Both Adomian and Atamanuik have different approaches to their characters. While Atamanuik’s costume makes him look like an uncanny Trump, Adomian’s is less of a replica. The audience still recognizes the comedian beneath the wig, and his comedy focuses on the physical quirks of a typical Bernie speech: arms raised and waving madly, repetitive allusions to percentages. While the audience laughs at those characteristics, we never laugh at the policies themselves. “The way that he plays Trump and the way I play Bernie is kind of like professional wrestling,” Adomian observes. “He’s playing a wrestling heel, and I’m playing a wrestling face. So I want the audience to like me, and he wants the audience to hate him.” When I watch their show, I see their strategies come to life. They anticipate the audience’s reactions perfectly.

My biggest concern with the Debate show was that it would start to feel one-note. Political impressions can backfire if a performer doesn’t know how to heighten, and with a figure like Trump, how do you heighten when everything he says feels caricaturized by the media? But the two understand how to maintain that balance. In his performance, Atamanuik humanizes Trump one second and then outs his policies the next. Adomian acts as a perfect foil to the character. There’s suspense in the tension between them onstage.
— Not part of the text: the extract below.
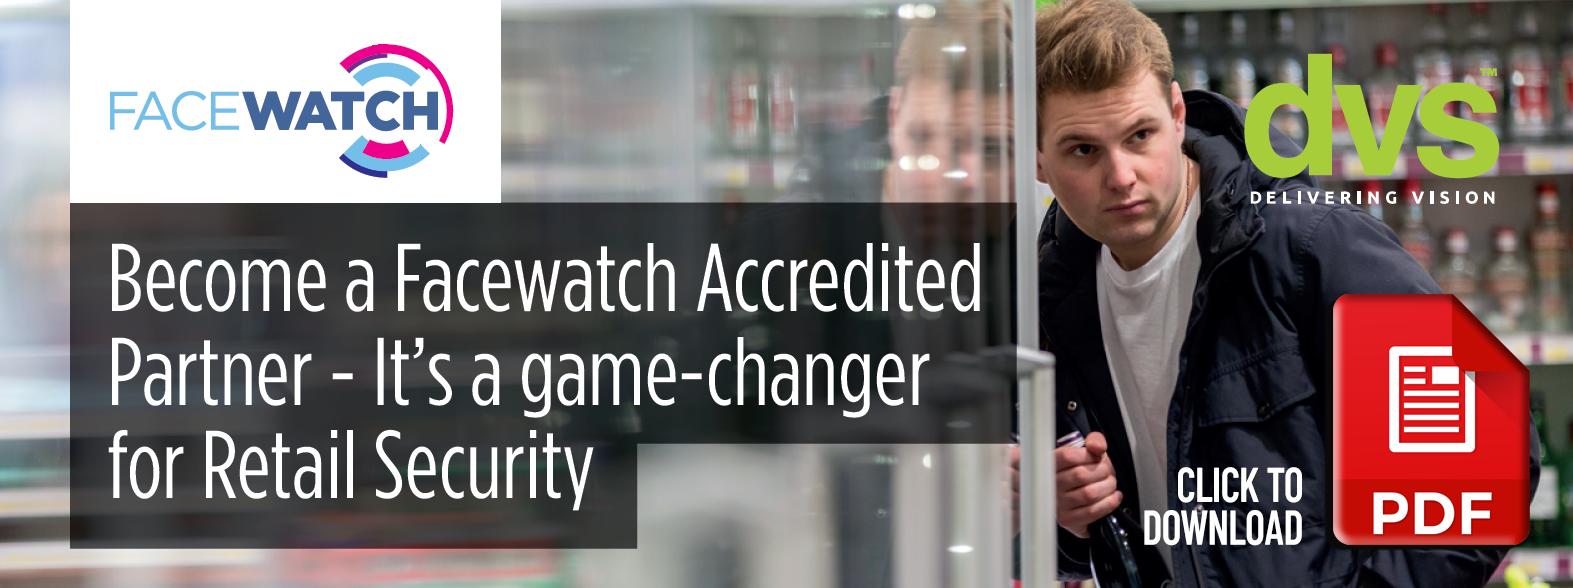 Become a Facewatch Partner

Going into our interview, I had a feeling the two were Bernie fans, as much of the comedy community supports him. But their passion goes beyond fandom and pop culture. Atamanuik cites watching C-SPAN as a child as a big inspiration. He mentions that his fiancé is half Pakistani and that much of Trump’s xenophobic rhetoric strikes a personal chord with him for that reason. Adomian, similarly, loves politics and has watched Bernie Sanders grow more and more prominent over the years. He speaks seriously about the role he’s taken on. “In my impression, I’m taking his message and putting it through a prism of comedy,” says Adomian. “I’m definitely doing a complimentary impression of him.” Even though at the end of the day it’s just a comedy show, Adomian feels compelled to deliver a truthful caricature that still promotes Sanders’s positions on a range of issues.

“His passion and his intelligence is consistent,” Atamaniuk says when I ask him why he supports Sanders, and I try not to laugh because he still looks exactly like Donald Trump as he waxes poetic about Bernie. “This is the most intelligent, consistent person running for office in decades,” he continues. Adomian lights up listening to his counterpart. “It’s like having one of the major philosophical intellectuals of our time as an incredible candidate for president,” he says. “It’s like Plato but without the boy-fucking,” Atamaniuk retorts.

“He has a proportionally significant amount of support from comedians,” Adomian agrees when I point out how much the comedy community loves to Feel The Bern. “I wonder if it’s because he’s speaking a dangerous truth to power in front of enthusiastic large crowds of people,” he laughs. “He’s everything comedians want to be,” Adomian says, at a time when comedians seem like politicians and politicians often seem like comedians.